Val Bormida tra inceneritore ed eolico: un territorio sotto pressione

Val Bormida. Che la Valle sia da decenni terra di sperimentazioni e sacrifici ambientali non è una novità. Ma oggi la pressione sembra tornare con doppia forza, tra l’ipotesi sempre più insistente di un termovalorizzatore e il contestato progetto del parco eolico al Bric Surite.

Sul fronte rifiuti, la Regione Liguria continua a muoversi con passo incerto. Da mesi il presidente Bucci ripete lo stesso mantra: “Serve un Comune che si candidi”. Ma nessuno, né nel Genovese né nel Savonese, sembra voler raccogliere la sfida di ospitare l’impianto. A Scarpino si ragiona, in Val Bormida si trema: Cairo e Cengio figurano da tempo tra i siti “papabili”, ma la risposta dei sindaci resta un “no” compatto. Intanto i comitati si organizzano, come il Coordinamento No Inceneritore che ha annunciato nuove assemblee pubbliche: “Servono dati, non slogan”, dicono. Il rischio, però, è che la partita resti sospesa fino a quando non arriverà un’imposizione dall’alto.

Non basta: mentre si discute di rifiuti da bruciare, la Val Bormida deve affrontare anche l’ennesimo capitolo energetico. Altare, Cairo e Mallare hanno deciso di ricorrere al Tar contro l’autorizzazione regionale al parco eolico Bric Surite, sei nuove pale da 4,5 megawatt l’una, più una maxi sottostazione a Mallare, proprio in zona esondabile. I sindaci contestano l’impatto paesaggistico e idrogeologico, ma allargano anche il discorso: “Savona produce già quasi il 90% dell’energia eolica ligure. Possiamo continuare a essere la pattumiera o la batteria della Regione?”.
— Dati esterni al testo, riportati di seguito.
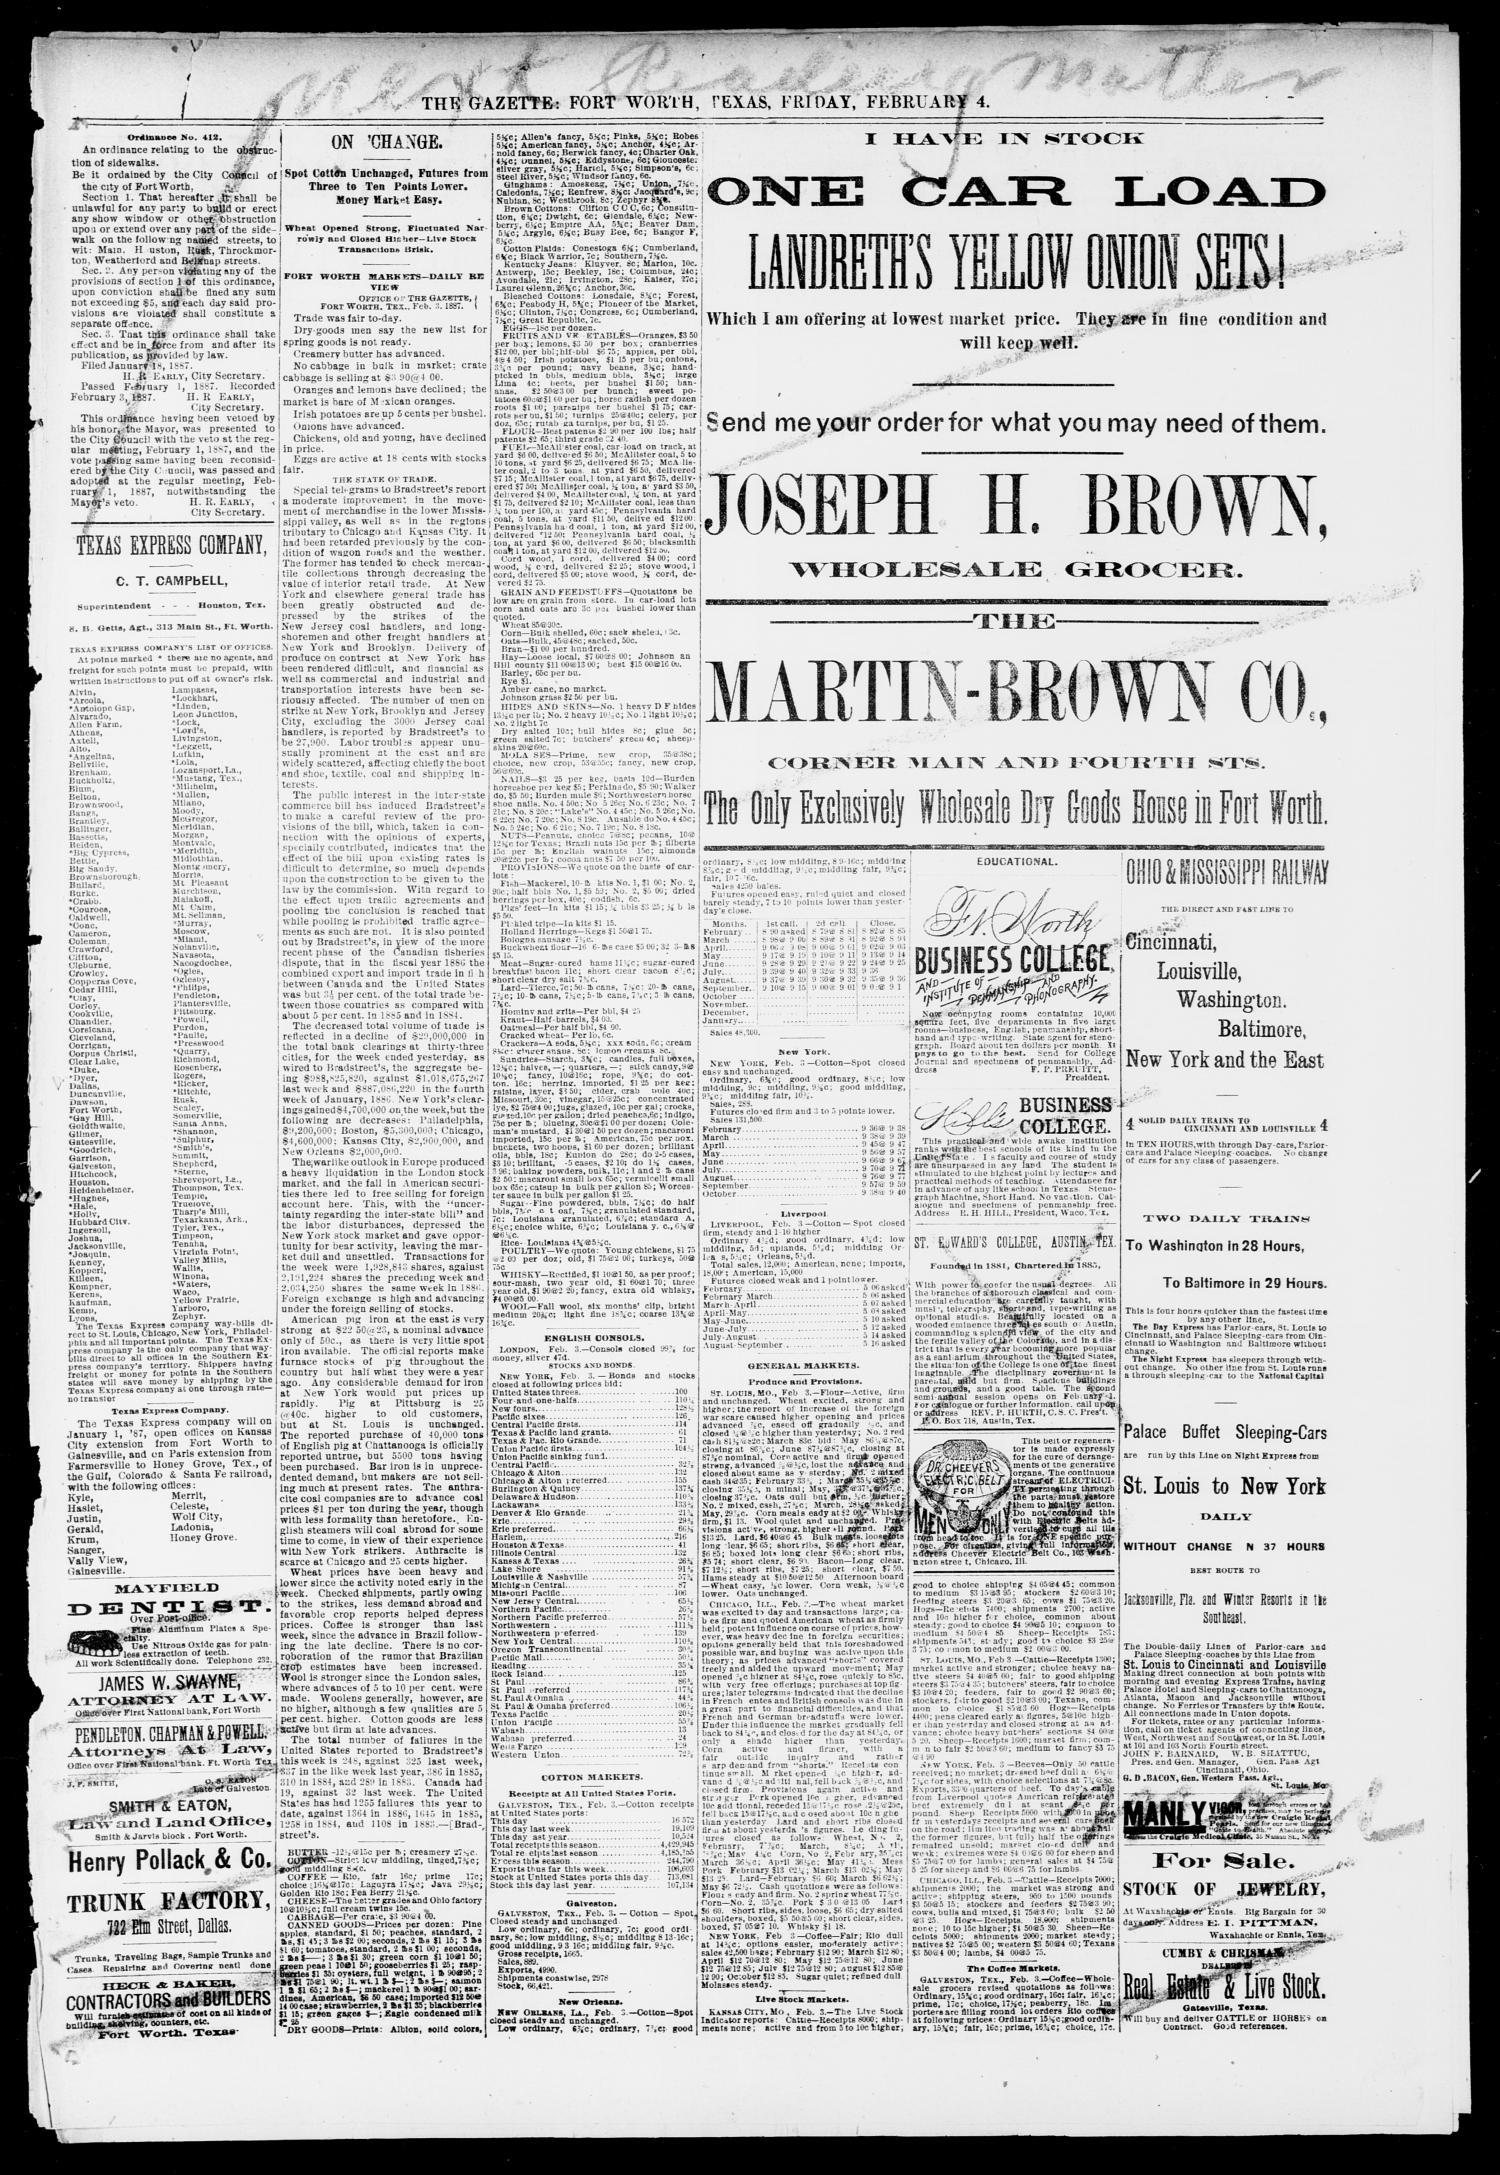 Fort Worth Daily Gazette  (Fort Worth, Tex ), Vol  12, No

La sensazione è che la Val Bormida venga sempre chiamata a “risolvere i problemi degli altri”: ieri l’industria chimica, oggi i rifiuti e l’energia. La differenza è che oggi la popolazione sembra meno disposta ad accettare in silenzio. Le prossime settimane diranno se l’opposizione dei Comuni e dei comitati riuscirà a fermare o almeno ridimensionare i progetti. Ma intanto resta l’immagine di un territorio che non riesce mai a liberarsi dal ruolo di retrobottega sacrificabile della Liguria.